◆ **WHAT IS BEING ASKED**: Output, word for word and without pictures, the lines from the one containing "Miami Florida, Civic" through the final line of the listing below.

◆ **THE DATA**:
* * * * *
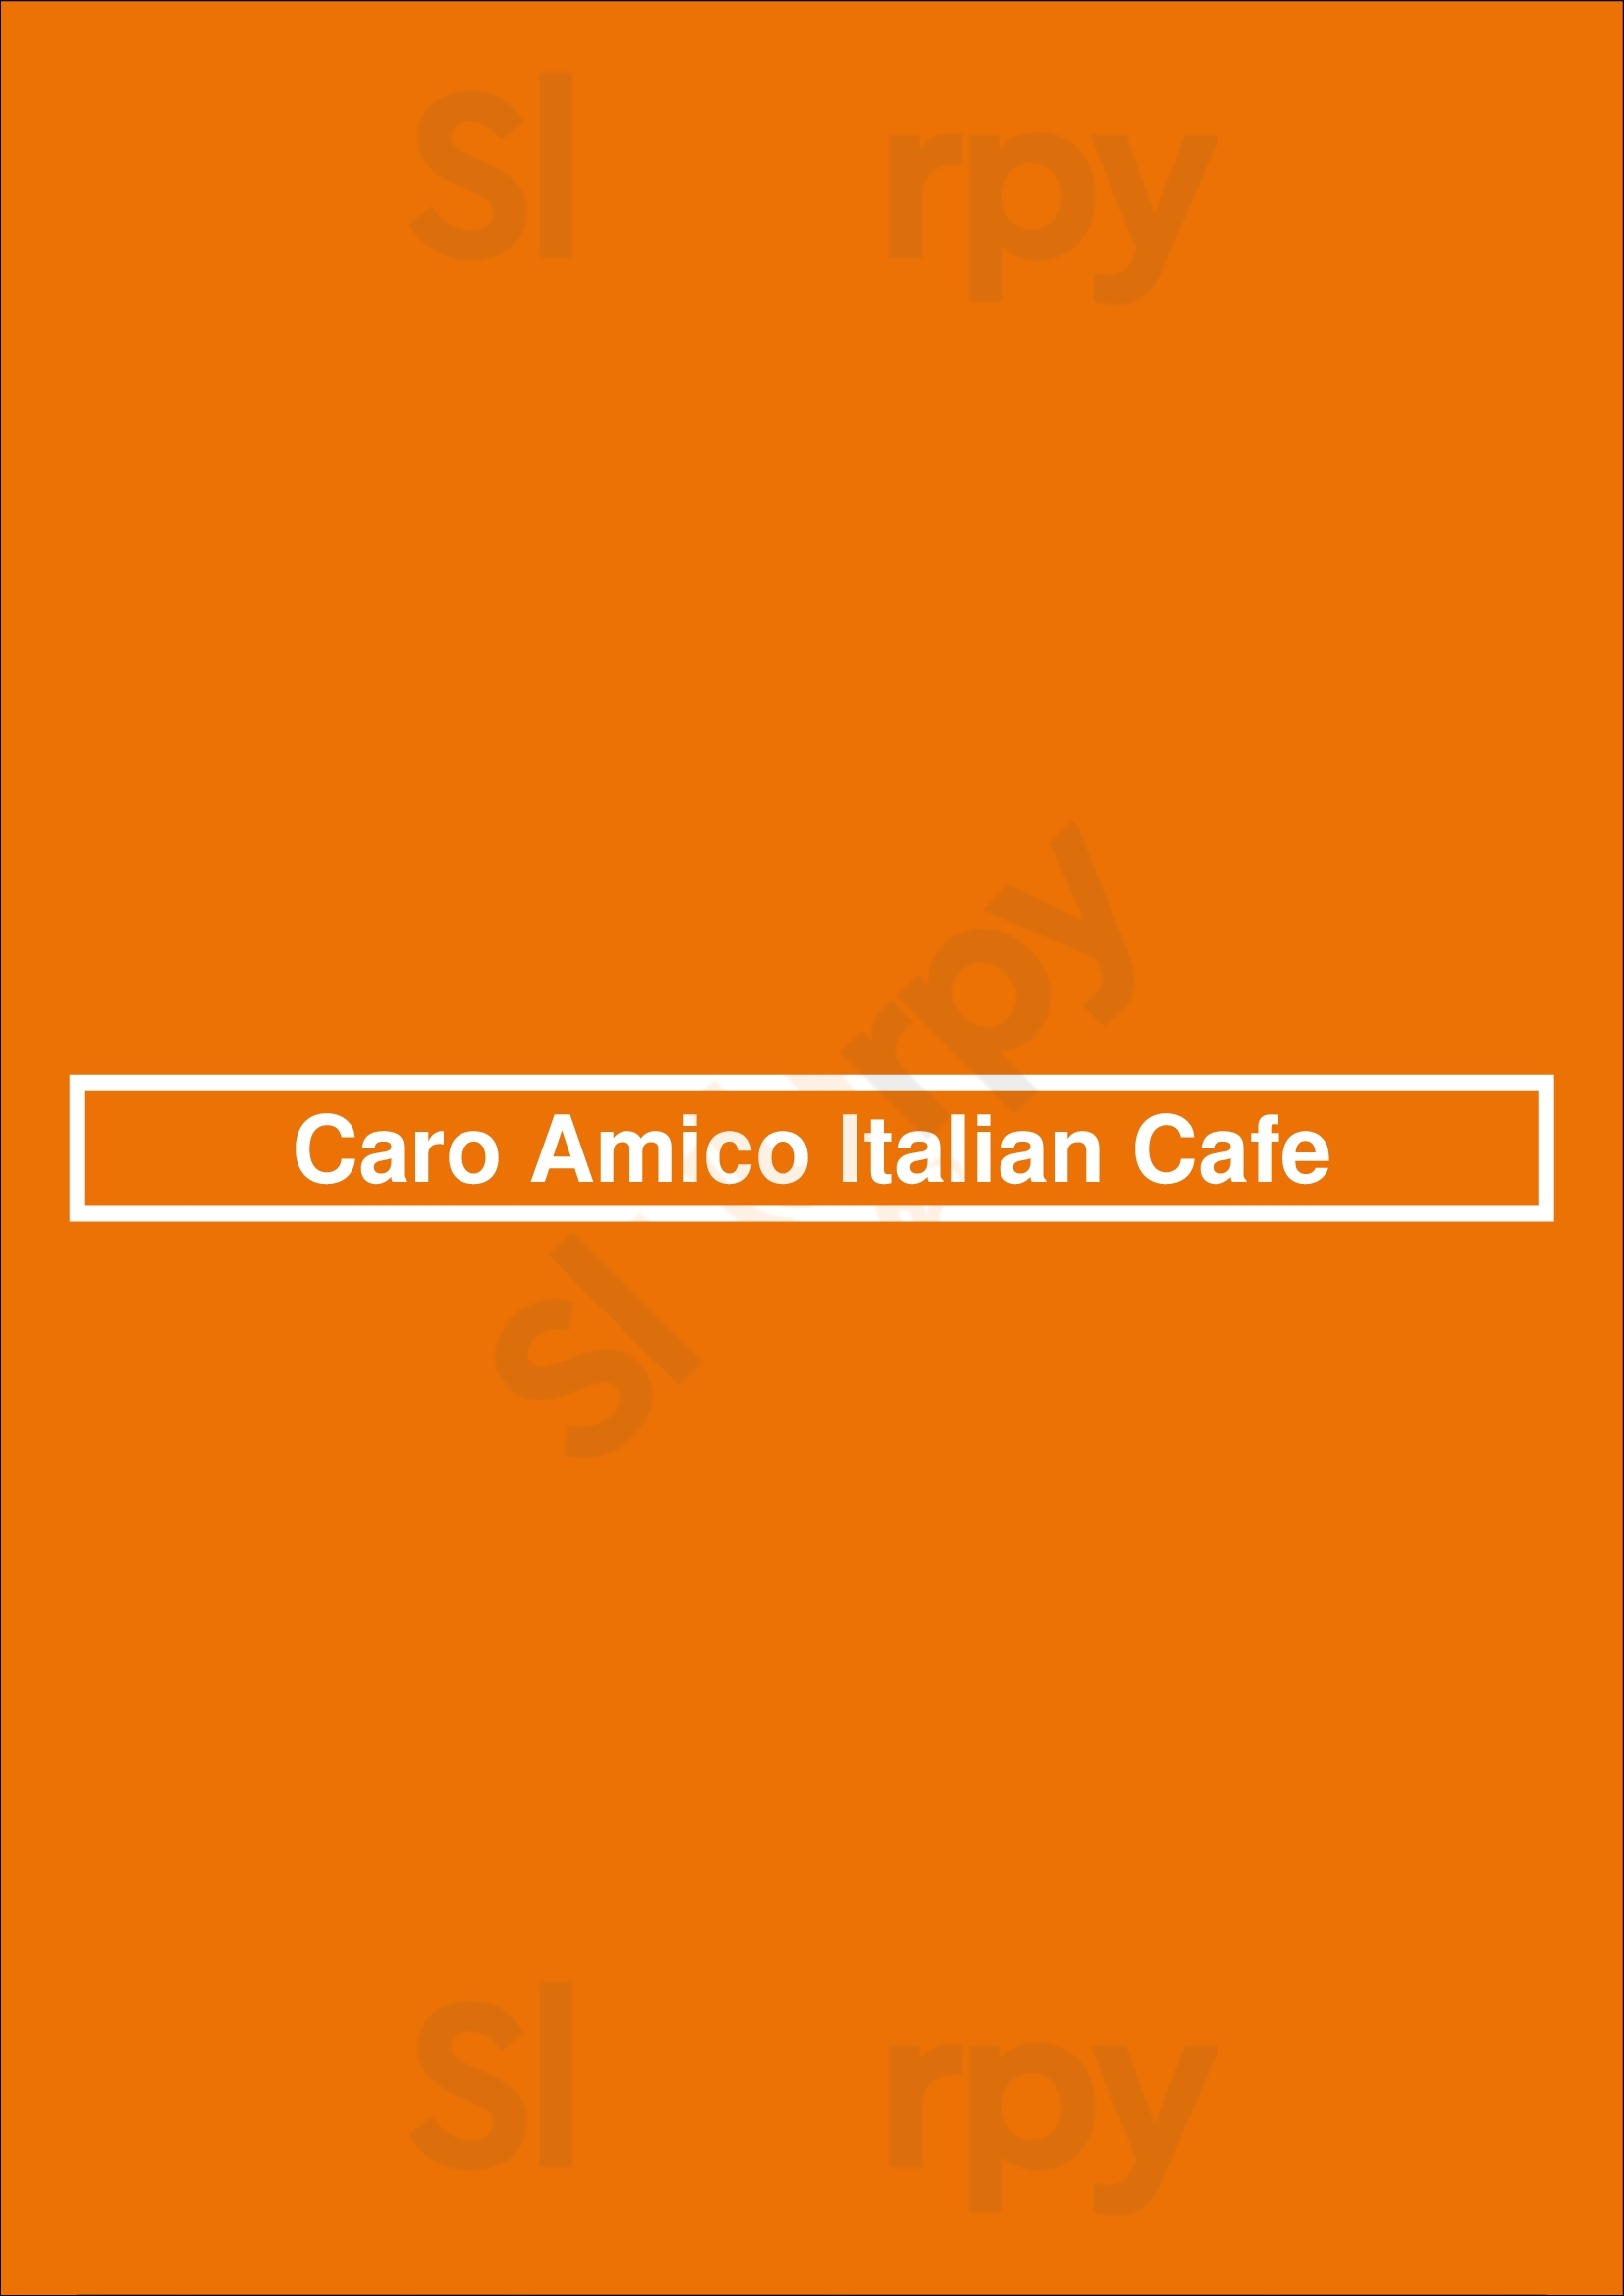 Caro Amico Italian Cafe Portland Menu - 1
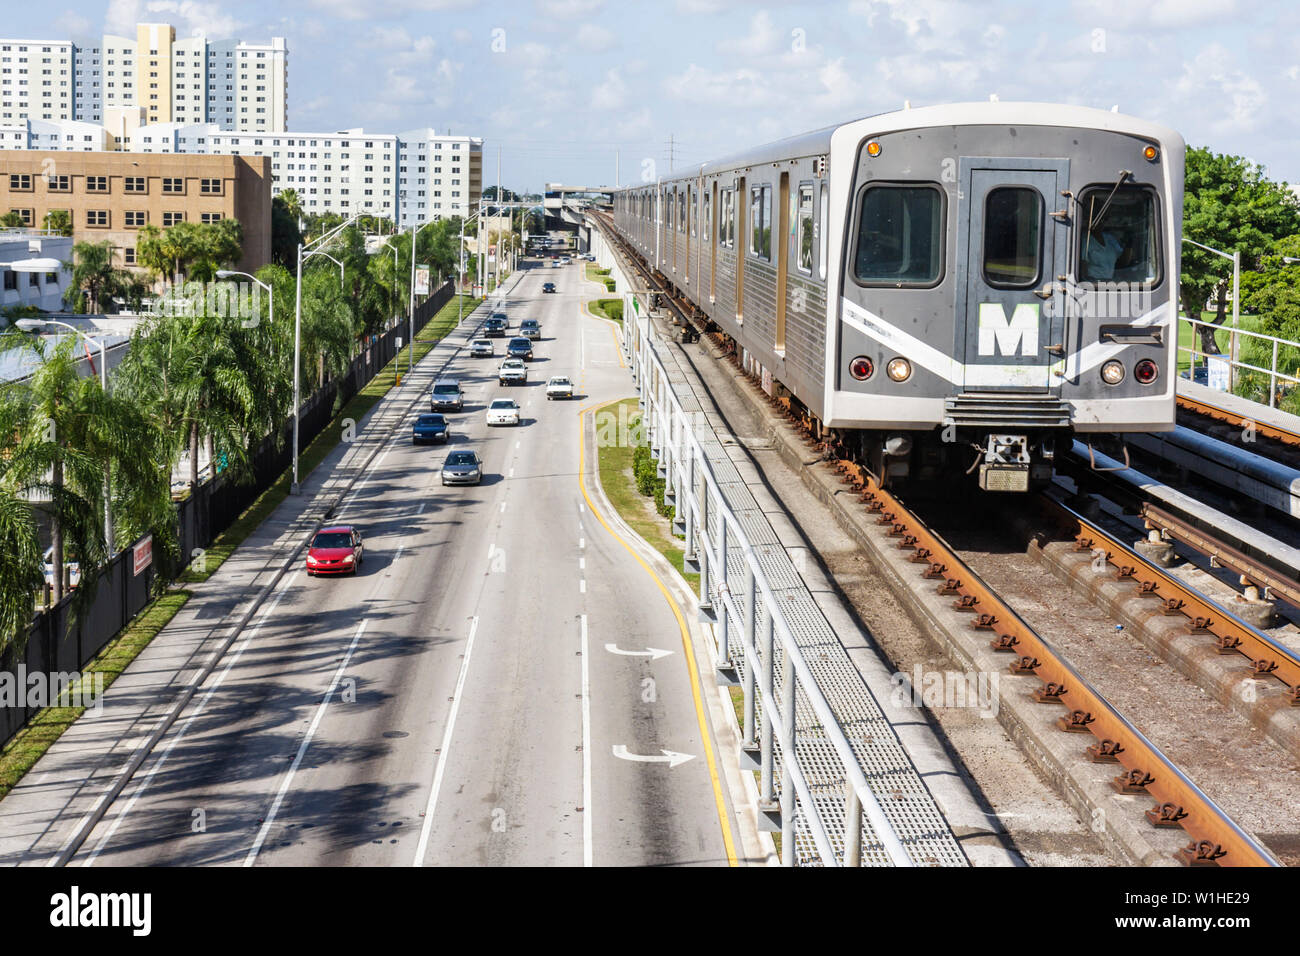 Miami Florida, Civic Center Metrorail Station, NW 12th Avenue, Mass Transit, sistema ferroviario sopraelevato, treno, strada, traffico, auto, FL091015018 Foto Stock
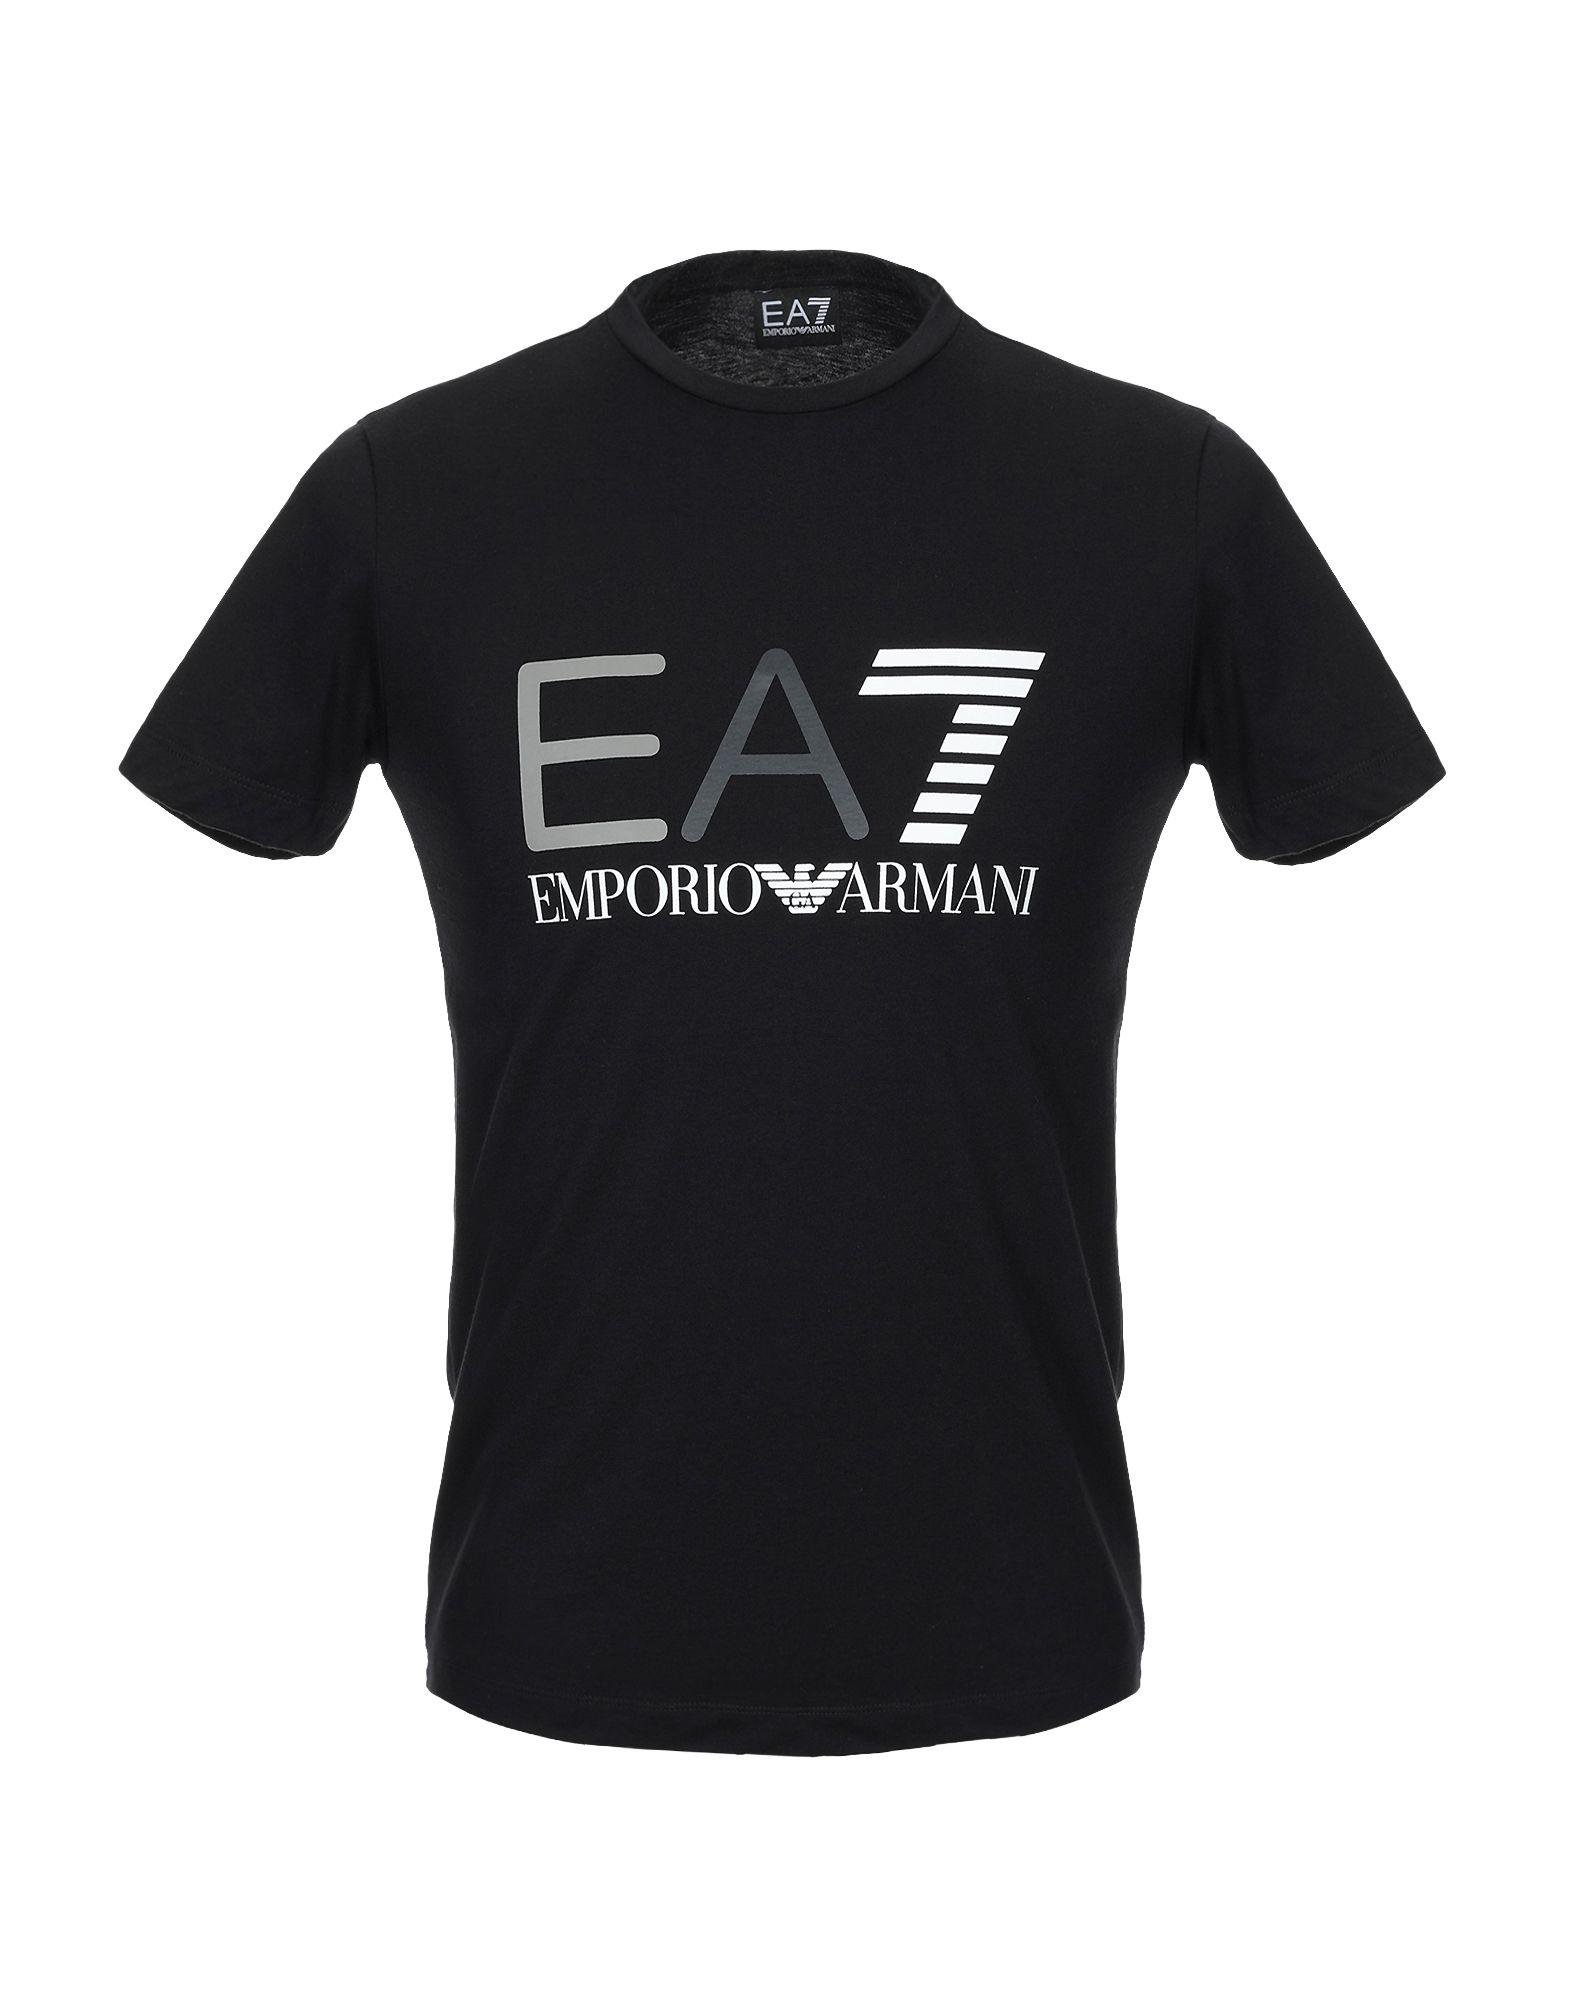 Lyst - EA7 T-shirt in Black for Men
* * * * *
◆ **RESULT OF THIS EXERCISE**:
 Miami Florida, Civic Center Metrorail Station, NW 12th Avenue, Mass Transit, sistema ferroviario sopraelevato, treno, strada, traffico, auto, FL091015018 Foto Stock
 Lyst - EA7 T-shirt in Black for Men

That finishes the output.